Das Orkantief soll am Freitagabend dann das Münsterland erreichen. "Ab dem späten Nachmittag dürfte Zeynep auf die Region treffen", sagt der Meteorologe, der Windgeschwindigkeiten um die 100 Stundenkilometer erwartet. Die stärksten Windböen werden das Münsterland laut dem Experten zwischen 17 und 23 Uhr treffen. "Bleiben Sie zuhause", appelliert Jürgen Schmidt, der sagt, dass der Sturm ähnlich heftig wird wie tief "Ylenia", das Teile des Münsterlandes schon in der nacht von Mittwoch auf Donnerstag traf. Immer wieder kommen zum Wind auch stärkere Regen-Schauer dazu, so der Meteorologe.

Auf Bahnreisen solle am besten das ganze Wochenende verzichtet werden. "Und meiden Sie auch am Samstag und Sonntag Besuche in Wäldern", sagt Schmidt. Der Wind würde im Laufe der Nacht zu Samstag zwar abnehmen, es bleibe aber böig und Bäume und Äste könnten locker sein und gefährlich werden. Am Sonntagabend könne es dann zudem erneut stärkere Windböen geben.

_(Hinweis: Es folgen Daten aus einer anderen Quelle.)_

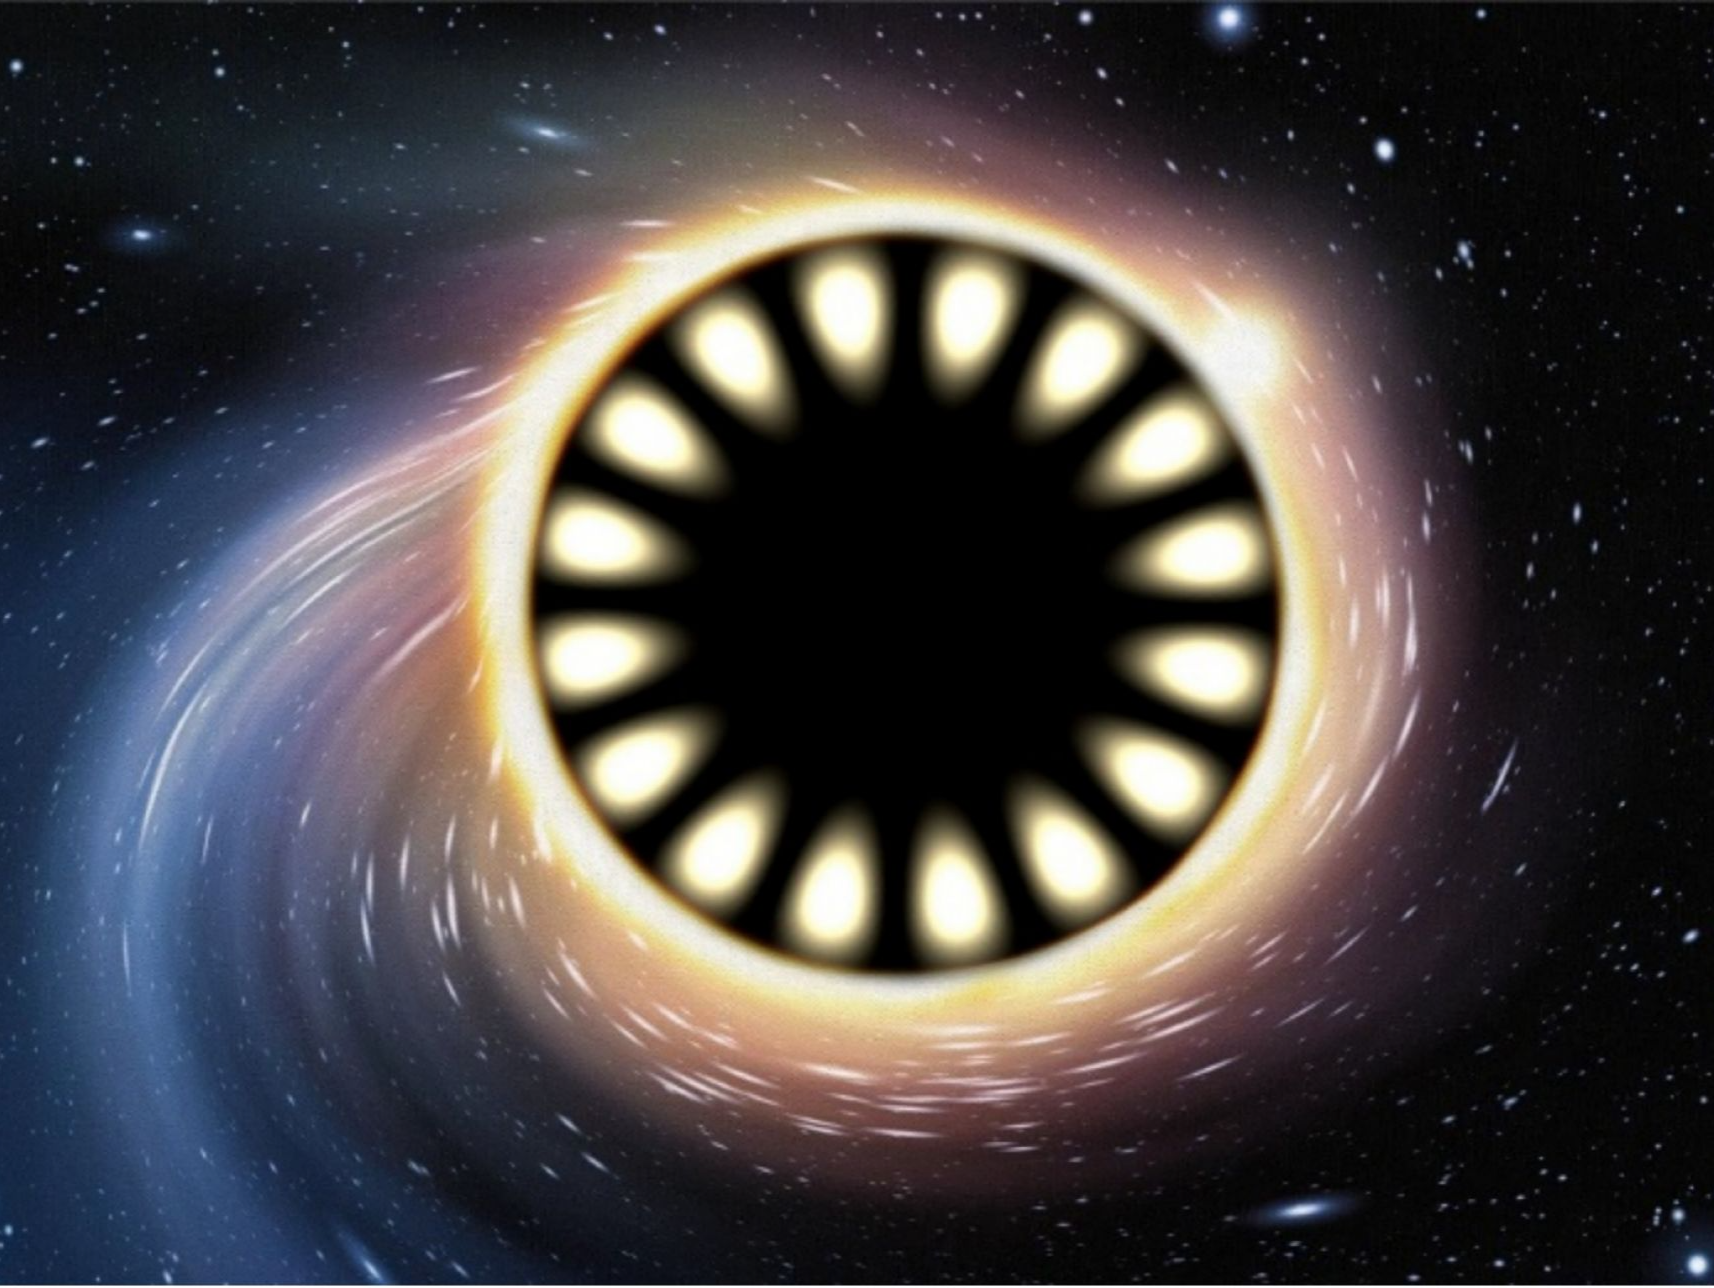 厦大团队利用变换光学原理构造出“光学黑洞微腔”

Noch stärker als das Münsterland wird das Orkantief "Zeynep" den Norden Deutschlands treffen. "An der Küste können Windgeschwindigkeiten von bis zu 150 Stundenkilometer erreicht werden", sagt Jürgen Schmidt vom Wetterkontor.

Weitere Wetteraussichten

Am Samstag bleibt es windig, es kommt aber immer mal wieder die Sonne raus. "Der Sonntag ist dann ziemlich verregnet", sagt Meteorologe Jürgen Schmidt. Auch die kommende Woche soll eher durchwachsen werden mit vielen Regenschauern. Die Höchsttemperaturen werden immer um die 10 Grad liegen. 

Mit einem richtigen Wintereinbruch im Münsterland rechnet Meteorologe Jürgen Schmidt nicht mehr. "Es kann immer mal sein, dass es vereinzelt ein paar Schneeflocken geben wird, aber eine längerfristige Kaltfront ist in diesem Winter im Münsterland nicht mehr ersichtlich."